From the book, Philanthropy: Voluntary Action for the Public Good, by Robert L. Payton

Do all that you can to seem good, for that can be infinitely useful. But since false opinions do not last, it will be difficult to seem good for very long, if you are really not.

Francesco Guicciardini
Maxims and Reflections

The best philanthropy, the help that does the most good and the least harm, the help that nourishes civilization at its very root, that most widely disseminates health, righteousness, and happiness, is not what is usually called charity. It is, in my judgment, the investment of effort or time or money, carefully considered with relation to the power of employing people at a remunerative wage, to expand and develop the resources at hand, and to give opportunity for progress and healthful labor where it did not exist before. No mere money-giving is comparable to this in its lasting and beneficial results.

If, as I am accustomed to think, that statement is a correct one, how vast indeed is the philanthropic field! It may be urged that the daily vocation of life is one thing, and the work of philanthropy quite another. I have no sympathy with this notion. The man who plans to do all his giving on Sunday is a poor prop for the institutions of the country.

The excuse for referring so often to the busy man of affairs is that his help is most needed. I know of men who have followed out this large plan of developing work, not as a temporary matter, but as a matter of permanent principle. These men have taken up doubtful enterprises and carried them through to success often at great risk, and in the face of great skepticism, not as a matter only of personal profit, but in the larger spirit of general uplift. (John D. Rockefeller, Random Reminiscences of Men and Events, p. 93. Emphasis added.)

Rockefeller's little book is filled with such advice, expressed with simple clarity. If, as Maimonides said and as most people seem to believe, the highest and finest form of charity is to take another man into your business, to give him honest work so that he can sustain himself, one might agree that "The man will be most successful who confers the greatest service on the world."

I stood (until February 1987) in some broken line relationship to John D. Rockefeller. The Standard Oil Company he created was divided into 34 parts in 1911, one of which was Standard Oil Company of New Jersey, the company that became known as Exxon Corporation in 1972 and that provides the funds for the work of the Exxon Education Foundation.

"If the people of the world can be educated to help themselves," he wrote, "we strike at the root of many of the evils of the world" (p. 98). By 1908, when Rockefeller wrote those words, he had contributed most of the $35 million that helped to establish the University of Chicago.
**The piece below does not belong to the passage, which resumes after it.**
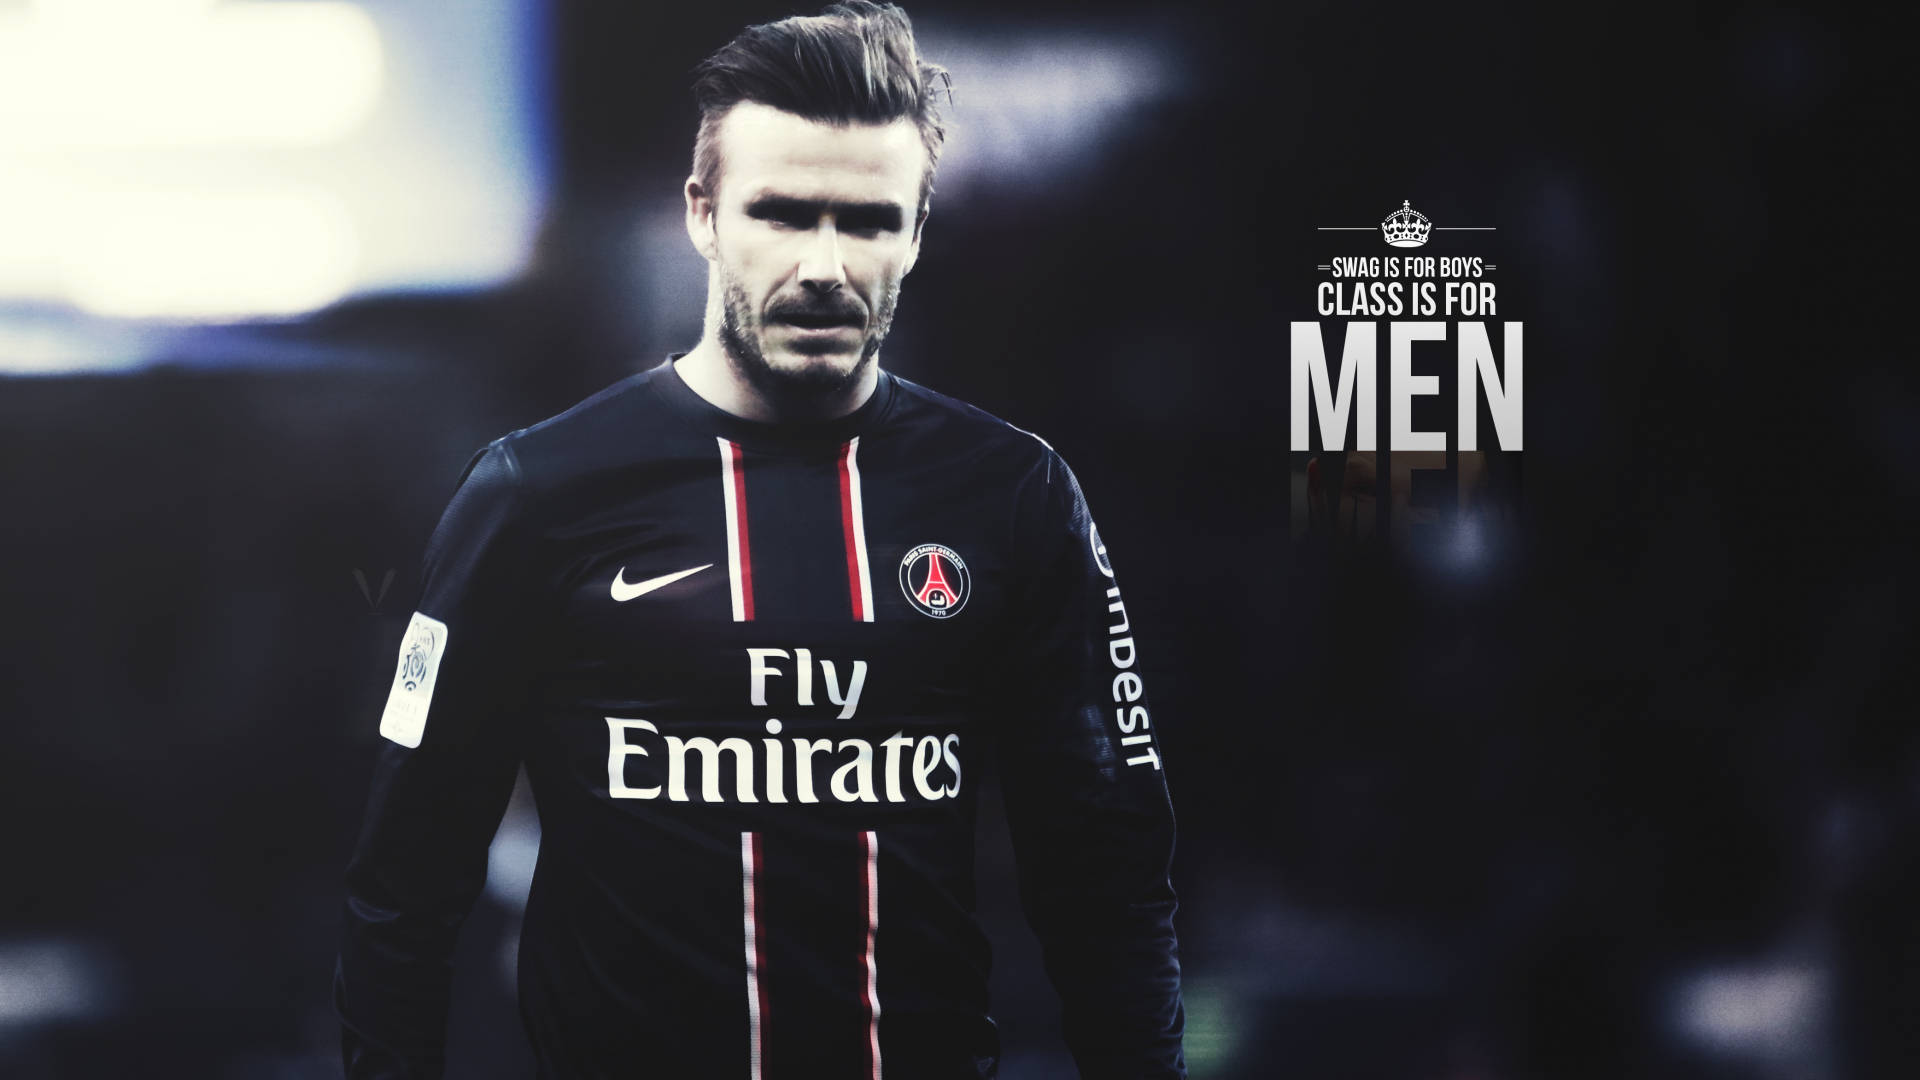 David Beckham - Soccer Superstar Background

It is my belief that the principal cause for the economic differences between people is their difference in personality, and that it is only as we can assist in the wider distribution of those qualities which go to make up a strong personality that we can assist in the wider distribution of wealth. Under normal conditions the man who is strong in body, in mind, in character, and in will need never suffer want. But these qualities can never be developed in a man unless by his own efforts, and the most that any other can do f-or him is, as I have said, to help him to help himself. (P. 100. Emphasis added.)

Many have believed that education is the means by which such qualities of "personality" are developed. Others have argued for the tenets of religion, for the nurturing support of the family, for the character-building qualities of competitive sports. Others speak of "cultural values"; the British economist P. T. Bauer argues that the uneven development of Third World countries is more than anything else the result of the different weight and importance put on economic achievement and efficiency. No amount of central planning, says Bauer, will overcome those profound cultural differences.

I think Bauer and Rockefeller would agree: What is most needed in poor countries is a change in their character, in their "personality" as Rockefeller put it, in the value they put on economic performance.

Neither of the major political parties in the United States would disagree with the premise that the most important thing any society can do is to have a strong private-sector economy that will provide work for substantially everyone. The emphasis is different, and exaggerated in the rhetoric of a presidential campaign year, but the basic premises are accepted by both parties.

It is not simply a matter of the distribution of goods: It does matter how they are produced as well as distributed. As Rockefeller said, "The only thing which is of lasting benefit to a man is that which he does for himself. Money which comes to him without effort on his part is seldom a benefit and often a curse" (P. 98. Emphasis added.). If self-worth is a value of fundamental importance, self-help is essential. "If we can help people to help themselves, then there is a permanent blessing conferred."